State Hub recording is opt-in through `--record-state-hub` or
`CREDENTIAL_RECORD_STATE_HUB=1`. The helper writes request lifecycle notes to
`/progress/` with non-secret metadata only:

- grant id, actor, actor type, subject, purpose, requested TTL, delivery mode;
- authorization mode, decision id, and decision reason;
- lease accessor, wrapping accessor, or wrapped accessor when available;
- status values such as `requested`, `issued`, `wrapped`, `revoked`, or
  `delegated`.

It never records raw child tokens, wrapping tokens, token files, passwords,
OpenBao root/platform-admin tokens, or command output.
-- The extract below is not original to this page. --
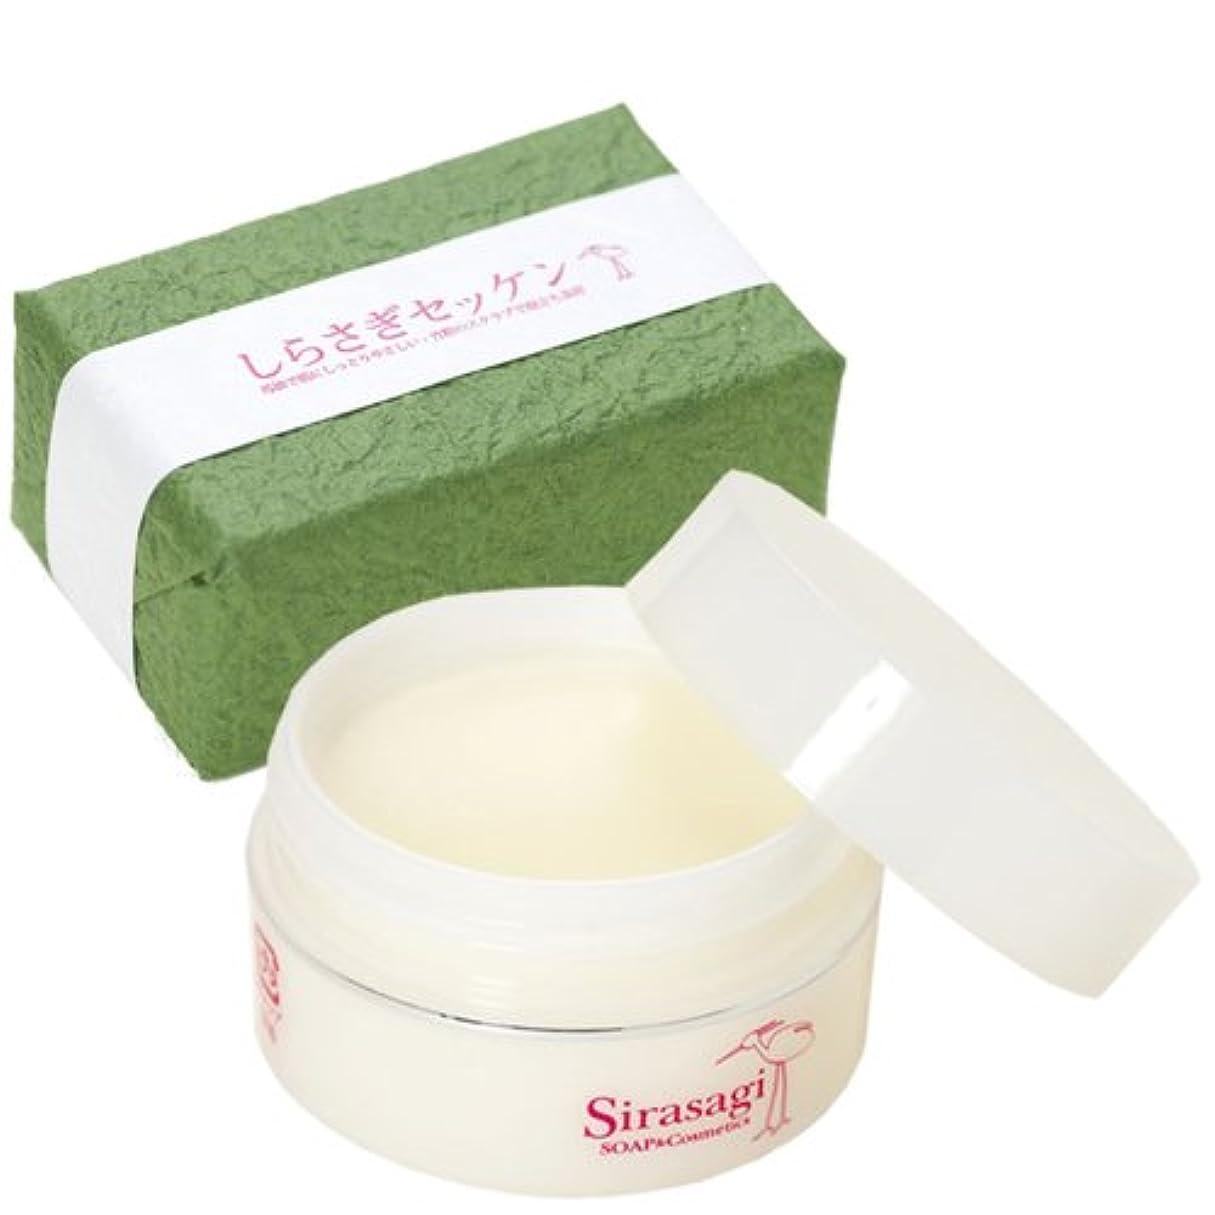 不毛複数汚染されたしらさぎ化粧品 しらさぎクリームとしらさぎセッケンのセット ラベンダー&ローズウッド 30g+90g

## Verification And Revocation

Offline checks:

```bash
make credential-grants-validate
make credential-tests
make openbao-token-grants-dry-run
make openbao-verify-token-grants-dry-run
make credential-helper-dry-run
```

Live source-owned checks, once an approved OpenBao issuer token path exists:

```bash
OPENBAO_TOKEN_FILE=~/.local/openbao/platform-admin.token make openbao-configure-token-grants
OPENBAO_TOKEN_FILE=~/.local/openbao/platform-admin.token make openbao-verify-token-grants-smoke
OPENBAO_TOKEN_FILE=~/.local/openbao/platform-admin.token make credential-exec-ops-warden-smoke
```

Emergency revocation by accessor:

```bash
scripts/credential.py revoke <lease-accessor>
```

When using `local-token-file`, remove stale local lease material after revoke or
expiry:

```bash
find .local/credential-leases -type f -maxdepth 1 -print
```

Response wrapping live verification is manual until a richer integration test
exists: unwrap the returned wrapping token once with OpenBao, confirm the second
unwrap attempt fails, then revoke the wrapped child token by accessor.

## Routing And Rollout

Credential routing remains split by responsibility:

- `ops-warden` signs SSH certificates only;
- OpenBao token or dynamic-lease needs route to `railiance-platform`;
- login/MFA routes to KeyCape;
- authorization decisions route to flex-auth.

The rollout sequence is:

1. `ops-warden/warden-sign` pilot for the flex-auth/ops-warden smoke.
2. Platform-readonly token helper for diagnostics.
3. Workload-specific grants for application repositories.
4. Optional split to a dedicated credential-broker repo if the helper grows
   beyond platform ownership.

The workplan can close only after the live warden-sign pilot runs through the
helper and the credential routing catalog returns this railiance-platform flow
for VAULT_TOKEN/OpenBao-token requests.

## Implementation Sequence

1. Validate and maintain the non-secret grant catalog.
2. Add bounded OpenBao token role configuration for each OpenBao-token grant.
3. Build a small helper that supports `request`, `exec`, `status`, and `revoke`.
4. Add optional flex-auth preflight and State Hub request lifecycle metadata.
5. Update ops-warden routing so OpenBao token needs point here, while SSH certificate issuance remains in ops-warden.

Live token issuance requires an approved operator path to create or use the
non-root issuer capability. Source-only validation and dry-run helper behavior
must remain useful without a live token.